It gets me every time.


----------



## shetira (May 28, 2007)

"Who Let the Dogs Out" by the Baha Men is probably the most obvious.


----------



## DavidN (May 28, 2007)

I'm not sure whether they were originally intended to be, but I think quite a bit of Sonata Arctica's material is a bit furry. The werewolf series in particular, and things like "Blank File" and "Weballergy" unfortunately sound rather too familiar to me.


----------



## Esplender (May 28, 2007)

"I am the walrus, coo coo kachoo"


----------



## Giles_F_Ahrun (May 28, 2007)

Danzig "Wicked Pussycat"

Enter those eyes split back opals
There within eros is manifest
Dark and light soul sworn to no one
Both it's your game and you know it

[chorus]
I like you lots now, I like you better
Walking your catgirls in leashes and leather
I watch you curl up into a circle
Symbol of eternity, wicked pussycat

My fall is starting

Six foot pussycat, I like the way you swing your tail
Big black witch cat, yes, you cast a real strong spell
Feline succubus, got your fangs inside her throat
Wicked pussycat, got your girlslaves all in tow

[chorus]
[Guitar simulates a cat meow 4 times]

Six foot oni cat, I like the way you lick your fur
Evil kittykat, what's it take to hear you purr

[chorus]
----

This and Metallica's "Of Wolf and Man"


----------



## Kris_Reizer (May 28, 2007)

"Pussycat, pussycat,
Whoa-oh-oh-oh-oh-oh"


----------



## TeeGee (May 28, 2007)

Any song by Super Furry Animals.


----------



## brokenfox (May 28, 2007)

Umm...how about Def Leppards "Animal"? I'm not sure that its "furry" but it could be mistaken for furry. 
Or Duran Duran "Hungry Like the Wolf" I don't normally listen to that type of music but I do like this song.

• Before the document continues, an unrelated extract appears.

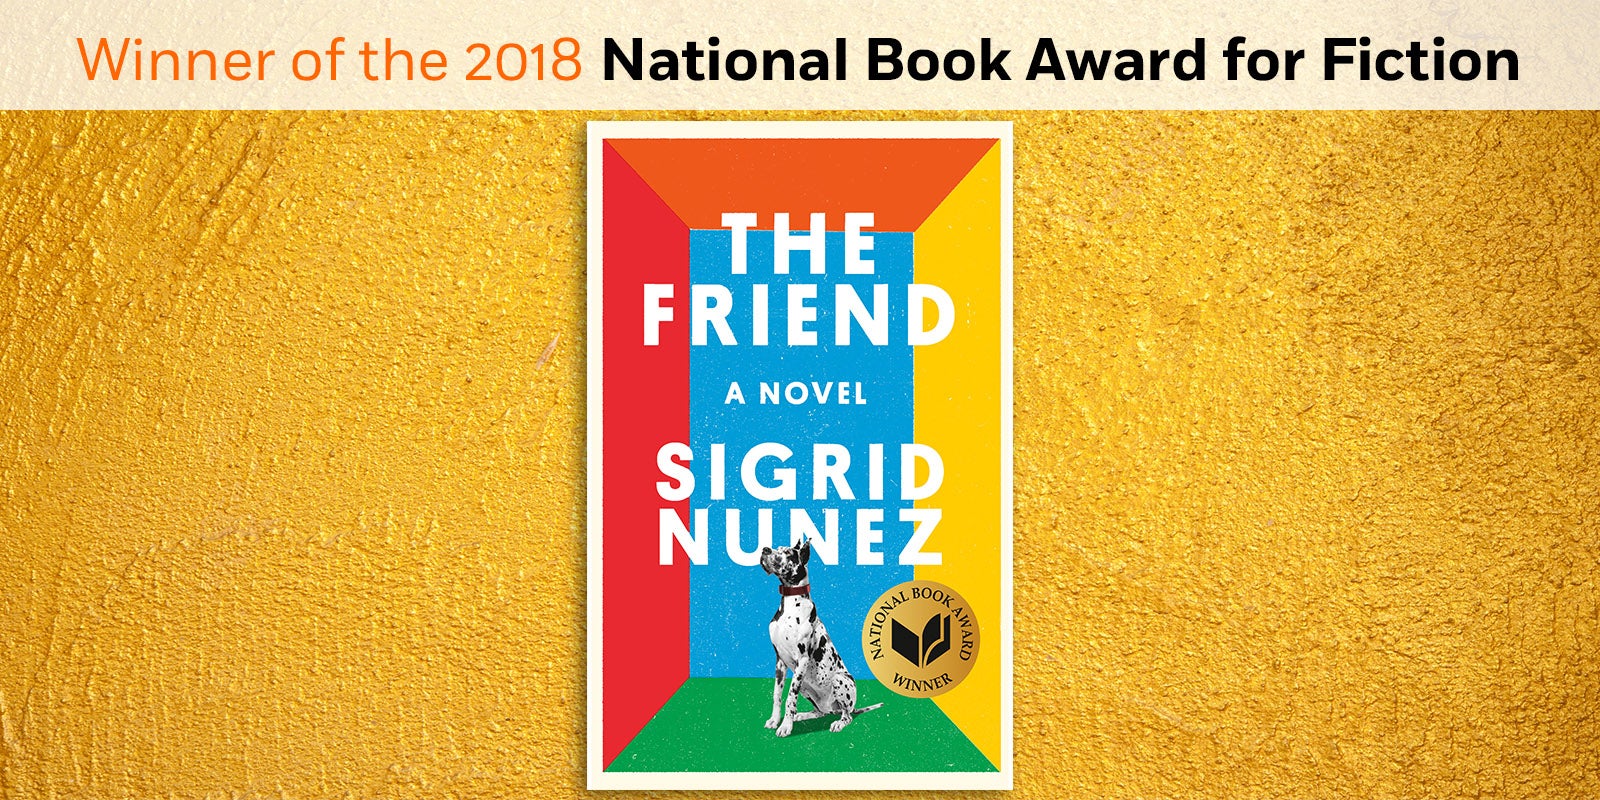 THE FRIEND wins The 2018 National Book Award for Fiction

Thats all I can think of right now...

Edit: How could I forget Ted Nugent "Cat Scratch Fever"???

I make the pussy purr with 
The stroke of my hand 
They know they gettin' it from me 
They know just where to go 
When they need their lovin man 
They know I do it for free 

They give me cat scratch fever 
Cat scratch fever


----------



## Cygnus421 (May 28, 2007)

Esplender said:
			
		

> "I am the walrus, coo coo kachoo"



it's goo-goo-Kachoob

-----

now that I'm done being a dick... I've heard this song by Steve Vai called "The Animal."Â Â It's a funked out rock song that kicks ass!Â Â Even though there's no lyrics, the dirtiness of it gives the impression of being primative and not giving a damn what people have to say about you...Â Â sometimes the best songs have no words because you can put your own meaning to them.

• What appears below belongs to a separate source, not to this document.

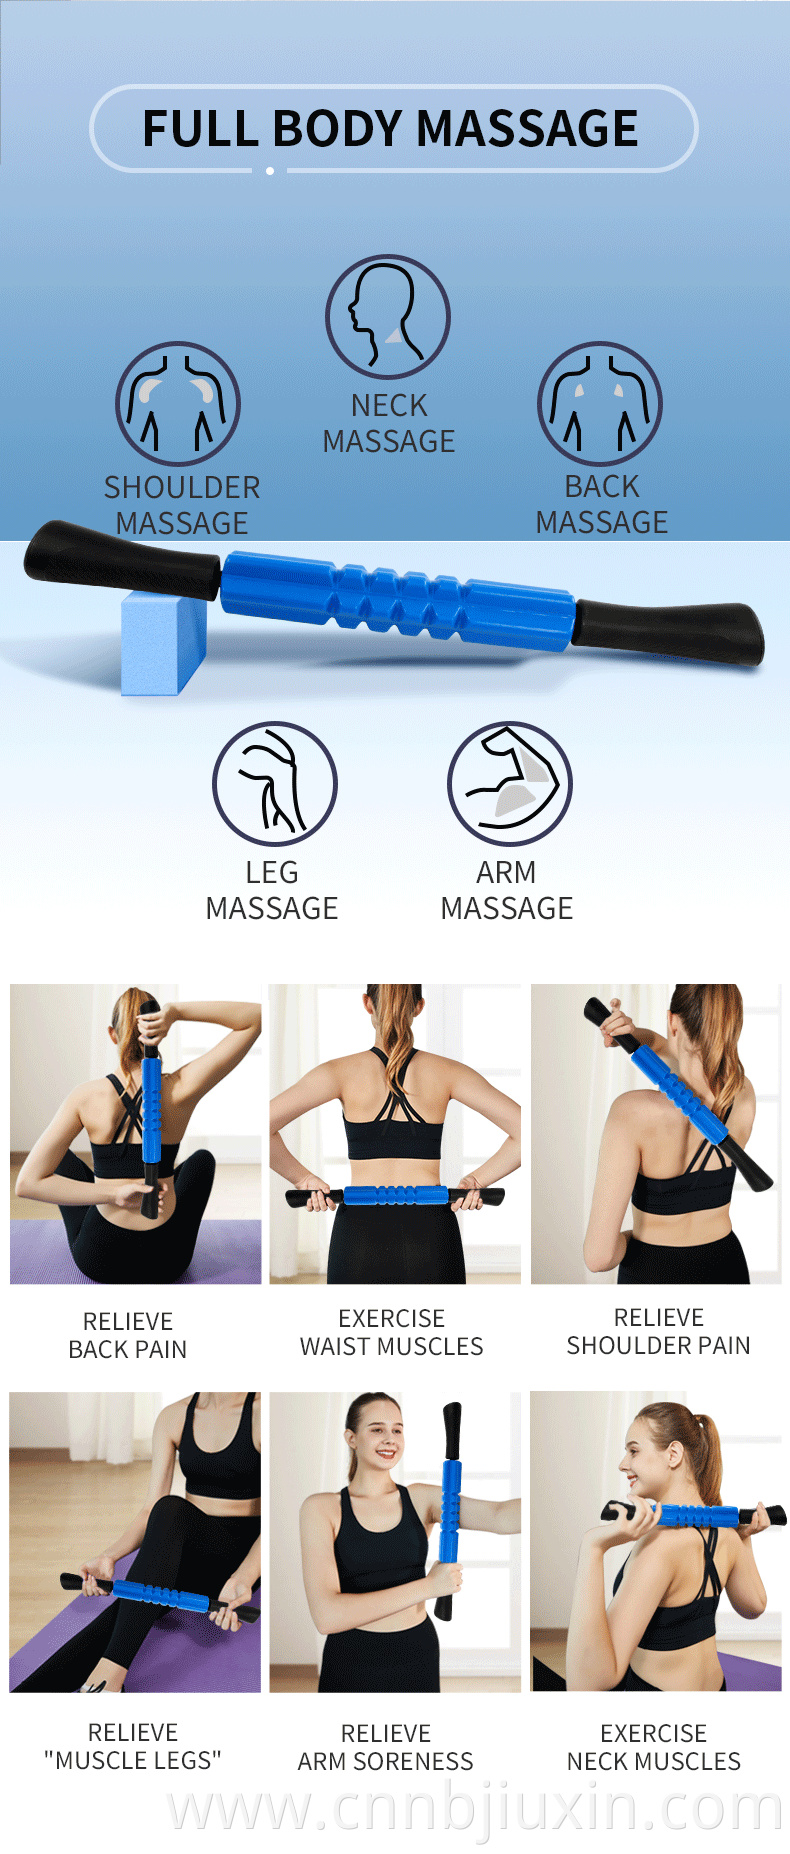 fascia stretching chest open shoulder beauty back yoga massage stretching fitness Pilates ring

Ive contemplated writing lyrics for a song that depicts what it's like to be a furry, but i dont know where to start...


----------



## sgolem (May 29, 2007)

Cygnus421 said:
			
		

> Esplender said:
> 
> 
> 
> ...



Especially since they basically wear fursuits in the video, I suppose it would be very much so.  F'in love this song. 

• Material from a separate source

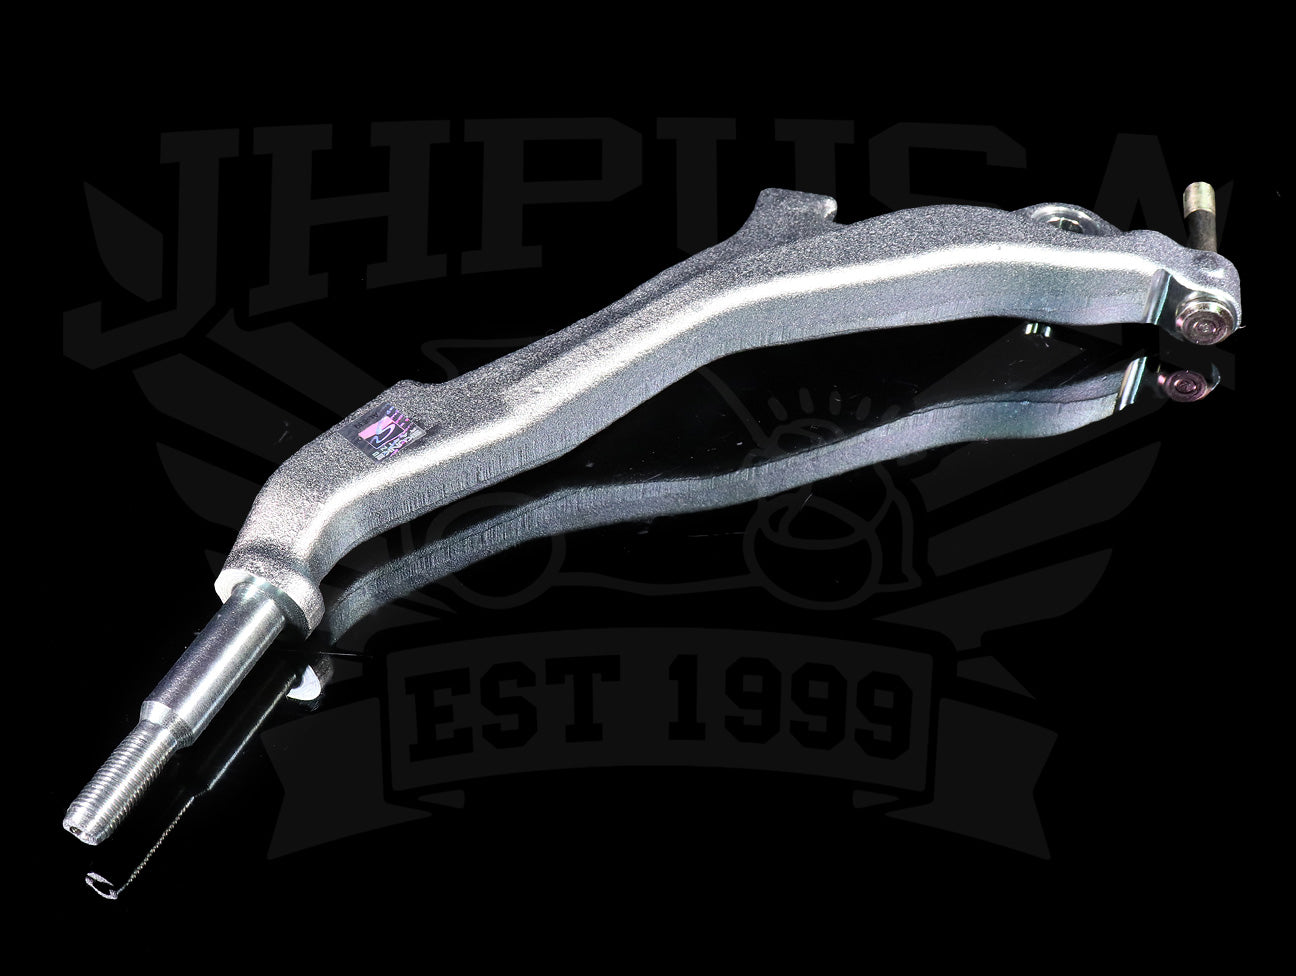 Skunk2 Front Lower Compliance Arms - 96-00 Civic (Non-Si)

I said this the last time there was a topic like this, but Pedestrian Wolves by Oingo Boingo would probably be the among most "furry" songs out there.  Here's the song with a bunch of movies cut to it for some reason.
http://www.youtube.com/watch?v=25VZKPFgLYA


----------



## Anea (May 29, 2007)

Any song from the Lion King movies. Also, the song by Guns N' Roses " Welcome to the Jungle" X3 my boyfriend loves that song. It's very predatory in nature :3


----------



## evil_ed667 (May 29, 2007)

Very good choices, yes!


----------



## VictusDraconis (May 29, 2007)

Metallica's "Of Wolf and Man"

Chamber of Souls' "Blood Moon" (I don't think that counts, though... Cause that's my band)

Iced Earth's "Wolf"

well.. these are all werewolf songs, so yeah...


----------



## evil_ed667 (May 29, 2007)

What about

"Dragon's Child" by Iced Earth?
That one was always nice and heavy and cool.

or "Jungle Love" by Steve Miller?


----------



## VictusDraconis (May 29, 2007)

Dragon's Child is about the Creature from the Black Lagoon, though =


----------



## Esplender (May 29, 2007)

Cygnus421 said:
			
		

> it's goo-goo-Kachoob



Oh well, I don't really like The Beatles enough to learn their lyrics properly.


----------



## DragonMaster626 (May 29, 2007)

Esplender said:
			
		

> Cygnus421 said:
> 
> 
> 
> ...



You really don't have to like them to know their lyrics. There's a website that has a large list of bands (A-Z) with their songs and the lyrics from them. I think they can be found at lyrics.com.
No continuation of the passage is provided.